当前位置:   article > 正文

Flink Cluster On Kubernetes部署_flink kubernetes cluster

flink kubernetes cluster

#Flink Cluster On Kubernetes部署

Flink版本:1.10.1

kubernetes:1.16.5

Flink 在Kubernetes上部署分为Job cluster和Session cluster两种模式。Job cluster需要我们将自己的Jar打到flink镜像里一块部署,session模式可以启动cluster之后,我们再提交jar到session cluster。

1 环境准备

YARN模式部署的文章里,我们是直接从官网下载编译后的包进行部署的。
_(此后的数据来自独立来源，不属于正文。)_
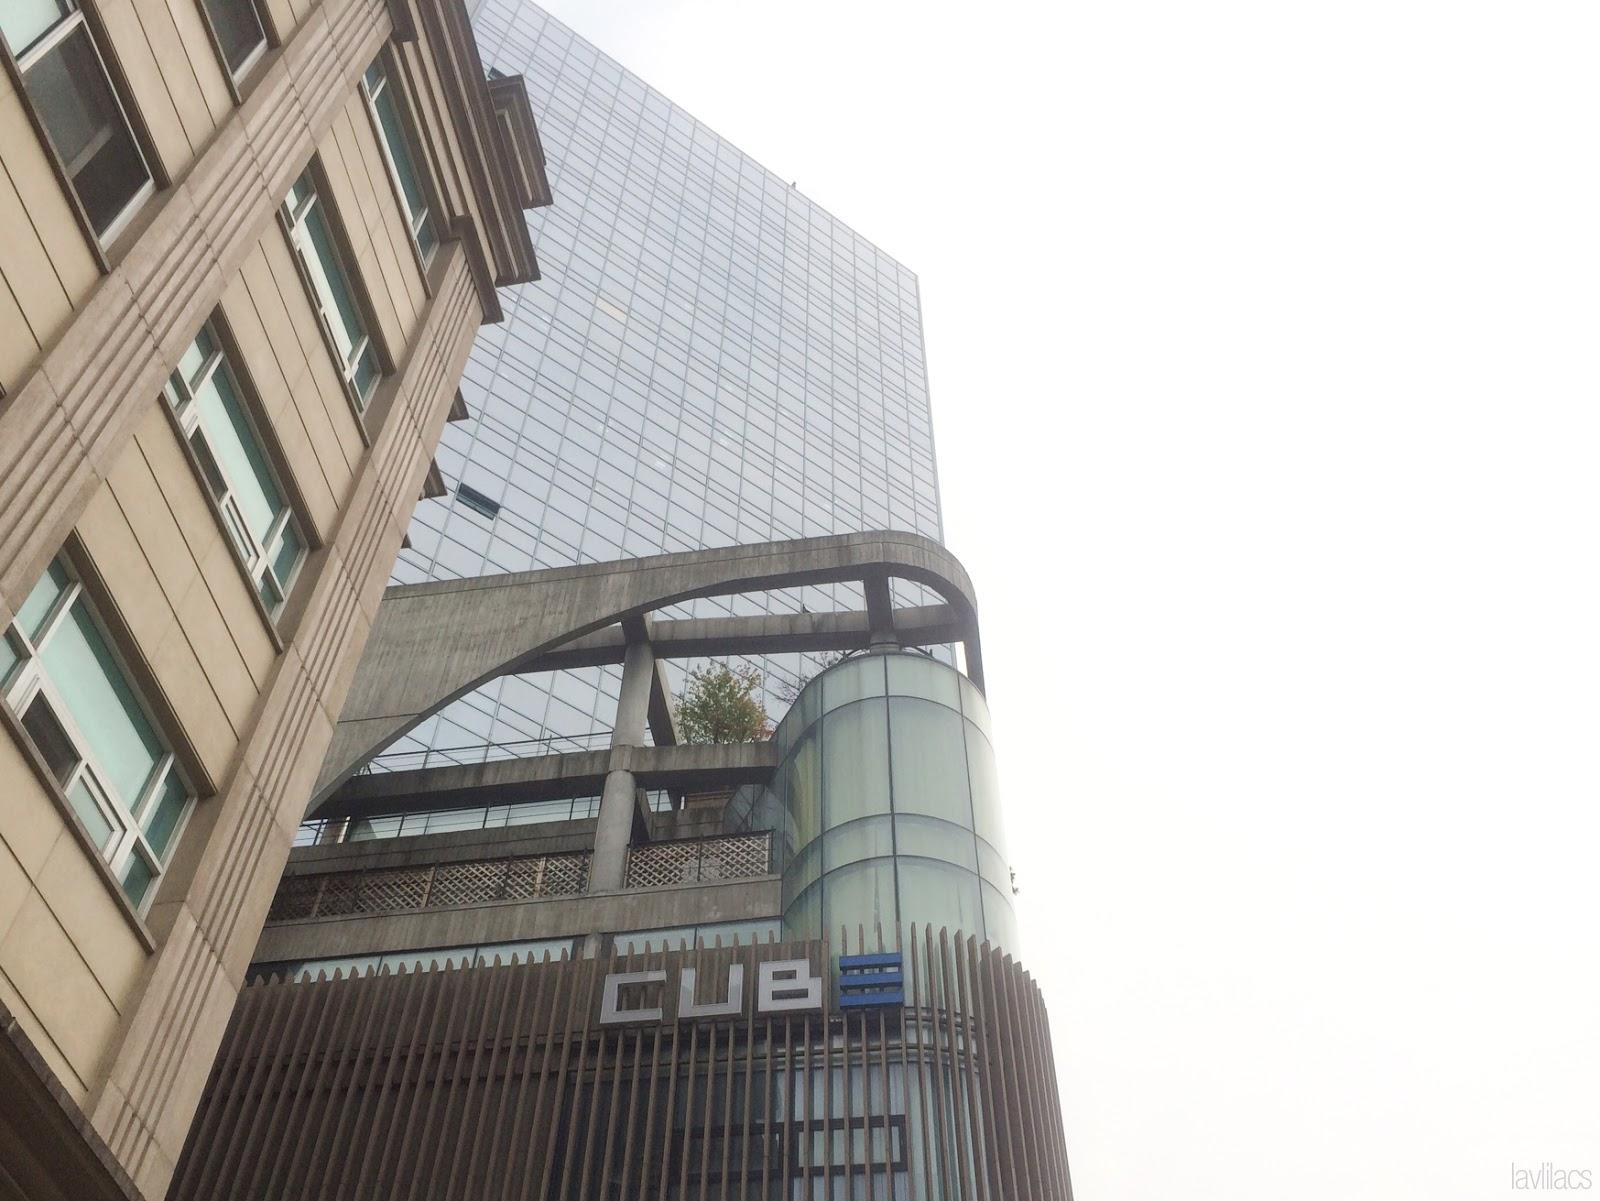 Seoul, Korea - Summer Study Abroad 2014 - Cube Entertainment building

由于Job Cluster模式需要我们重新打镜像,在环境准备这一部分,我们尝试从github上拉去flink源码手动编译一下。

1.1 从Github上拉取Flink源码

  1. 进入 flink github,地址:https://github.com/apache/flink

  2. 点击【Releases】,查找我们需要下载版本的包,例如我们需要下载1.10.1的源码,我们就在Releases页面下载release-1.10.1这个包

    wget https://github.com/apache/flink/archive/release-1.10.1.tar.gz
    

    小技巧:由于网络原因我们可能下载代码失败,我们可以注册一个码云账号https://gitee.com/,在码云上新创建一个仓库,在导入已有仓库选项中将flink在github上的地址填入进去,最后我们从码云上下载代码就很快了。

  3. 下载代码后进行解压

    tar -zxvf flink-release-1.10.1.tar.gz
    

1.2 编译

  1. 进入解压目录执行如下Maven命令进行编译

    mvn clean package -DskipTests -Dfast
    

    编译过程中可能遇到如下错误:

    Failure to find io.confluent:kafka-schema-registry-client:jar:3.3.1

    1. [ERROR] Failed to execute goal on project flink-avro-confluent-registry: Could not resolve dependencies for project org.apache.flink:flink-avro-confluent-registry:jar:1.8.2: Failure to find io.confluent:kafka-schema-registry-client:jar:3.3.1 in https://maven.aliyun.com/repository/public was cached in the local repository, resolution will not be reattempted until the update interval of aliyunmaven has elapsed or updates are forced -> [Help 1]
    2. [ERROR]
    3. [ERROR] To see the full stack trace of the errors, re-run Maven with the -e switch.
    4. [ERROR] Re-run Maven using the -X switch to enable full debug logging.
    5. [ERROR]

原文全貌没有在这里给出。